Simulating condensation using evaporation-condensation model

I'm modeling a wall-bounded flow with boundary conditions of a velocity inlet and no outflow. I enabled evaporation-condensation model to account for the mass transfer along with the phase change. Since the working fluid is user-defined and I didn't input its latent heat values, I was wondering how is energy transfer considered in the model? (I didn't find a place where I can manully define the energy source term.)

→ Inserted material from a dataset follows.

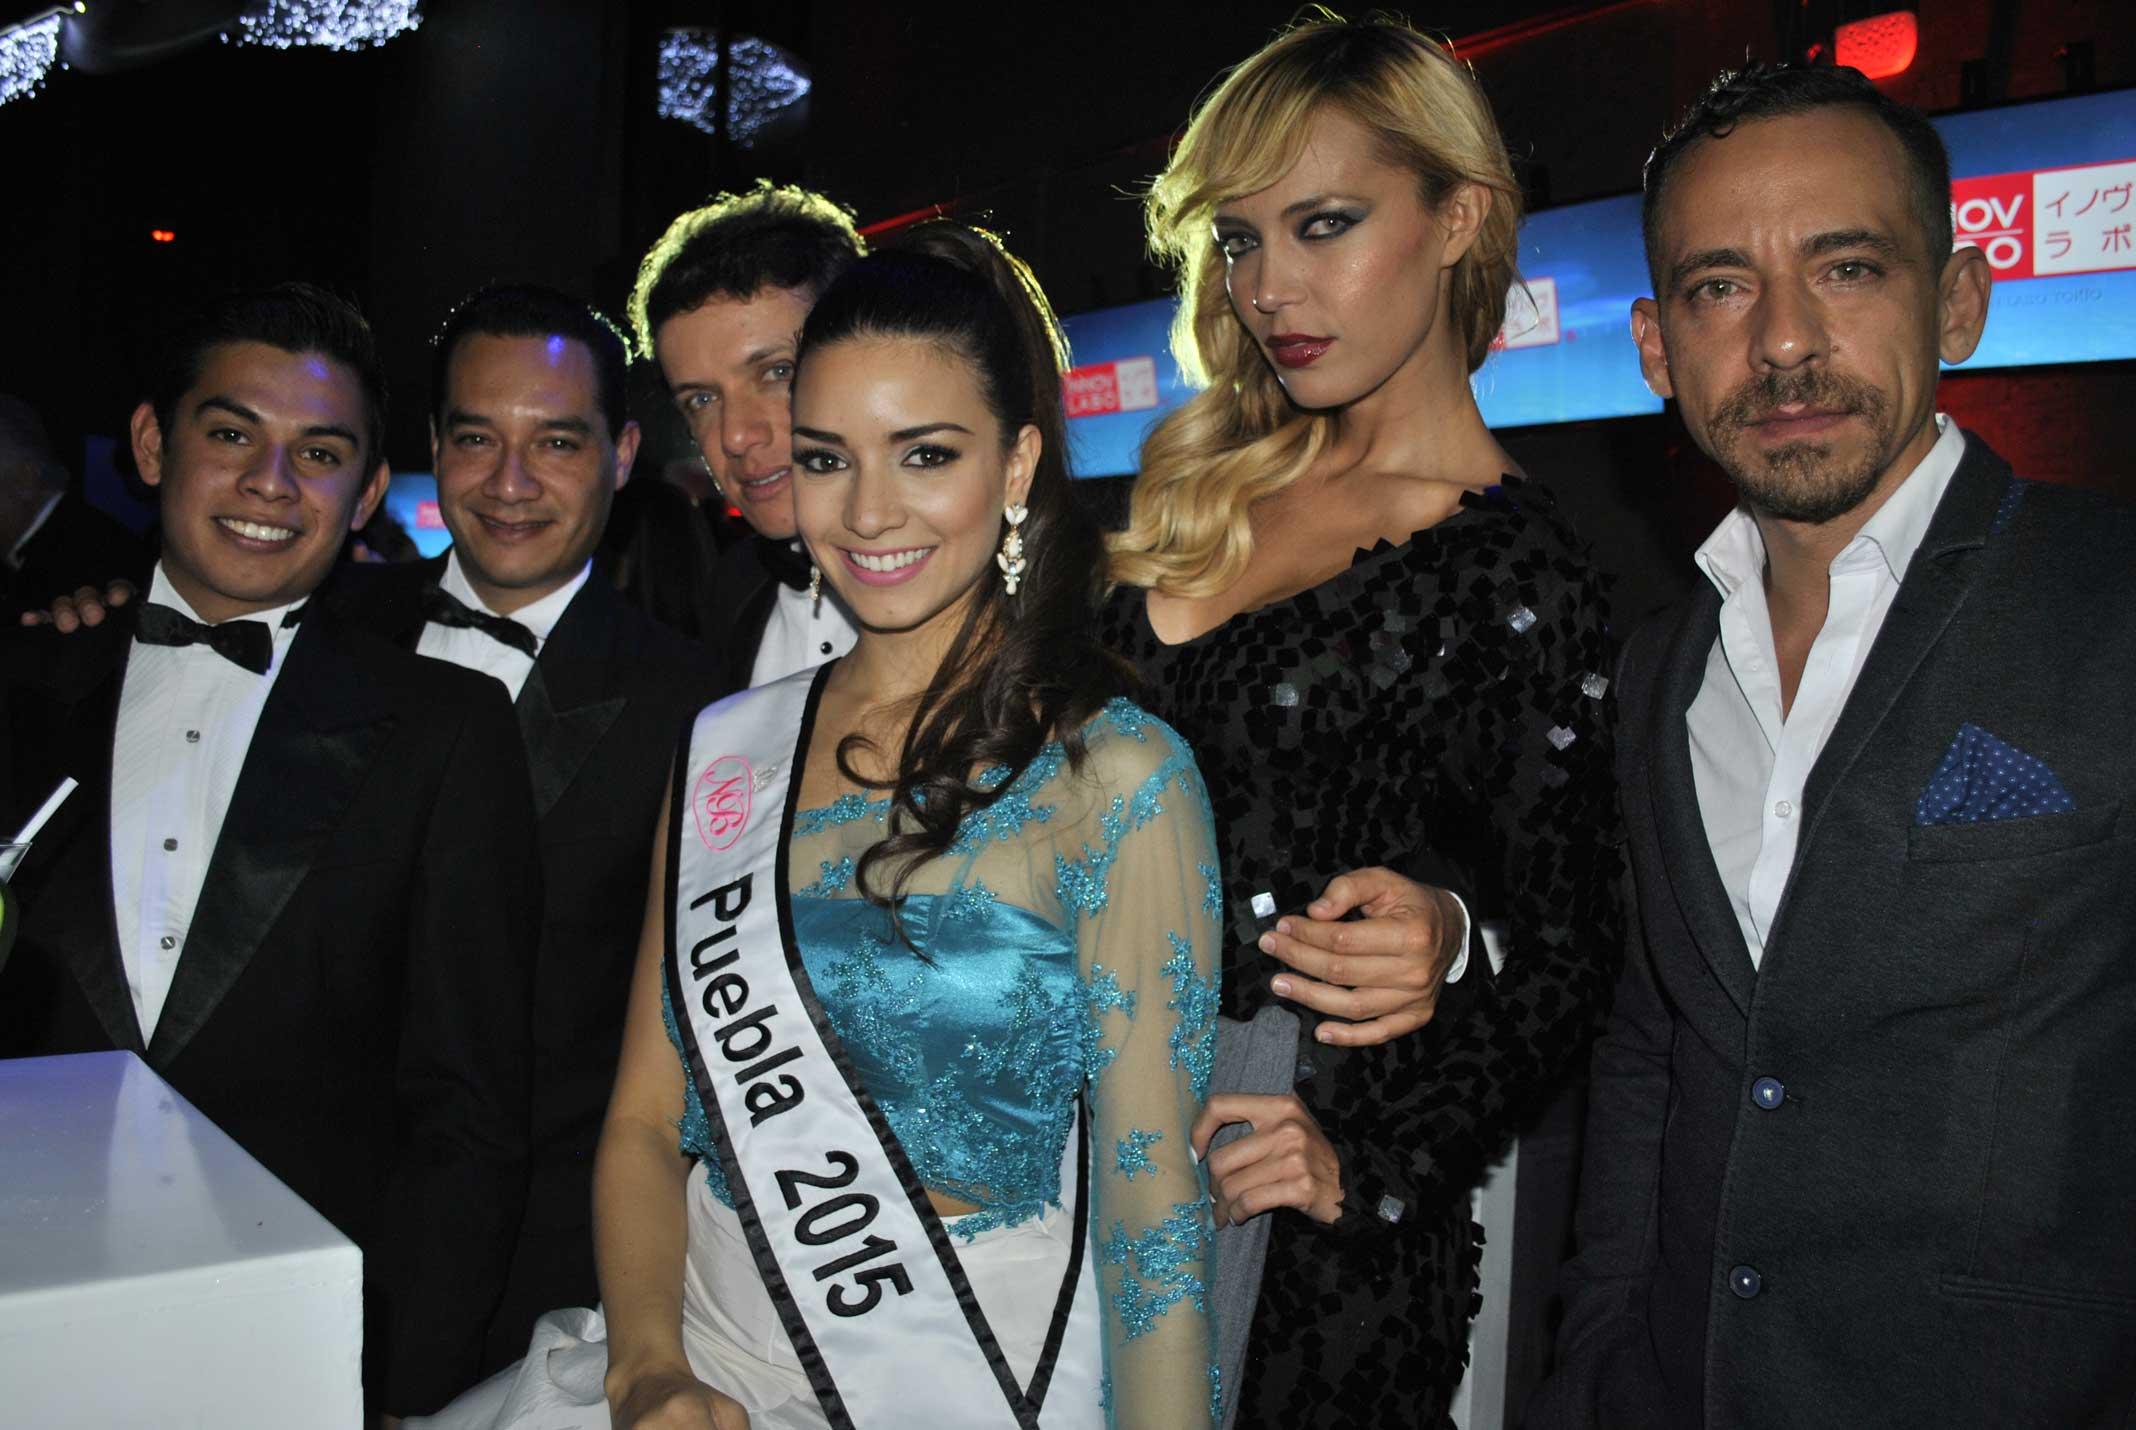 Steffan Flores, Alan Martínez, Jorge Maceda, Lorena Chayban, Jou Glez y René Ortiz

And according to FLUENT theory guide, the evaporation-condensation model is only available with mixture or Eulerian multiphase models, probably because of the smaller-than-grid scale of the interface length. I actually used VOF model and discovered the condensation. Is my result valid? And what's the specific length scale of the droplets FLUENT used in its model?

Thank you very much!

athonyburk May 17, 2013 06:18

Nobody knows?

I read in other post that the latent heat is given in the enthalpy of reacting phase. But how? In my case, where condensation is of the most interest, should I define a negative value of enthalpy for the vapor phase, or a positive value for the liquid phase?

Still, since condensation is only calculated in FLUENT when temperature is below saturation, how could this model be accurate anyway? Shouldn't it be full of liquid below saturation temperature?

Felja May 17, 2013 15:17

latent heat
Latent heat can only have liquid phase. You can always read from thermodynamic tables as: latent heat = vaporization heat - p (v''-v ')!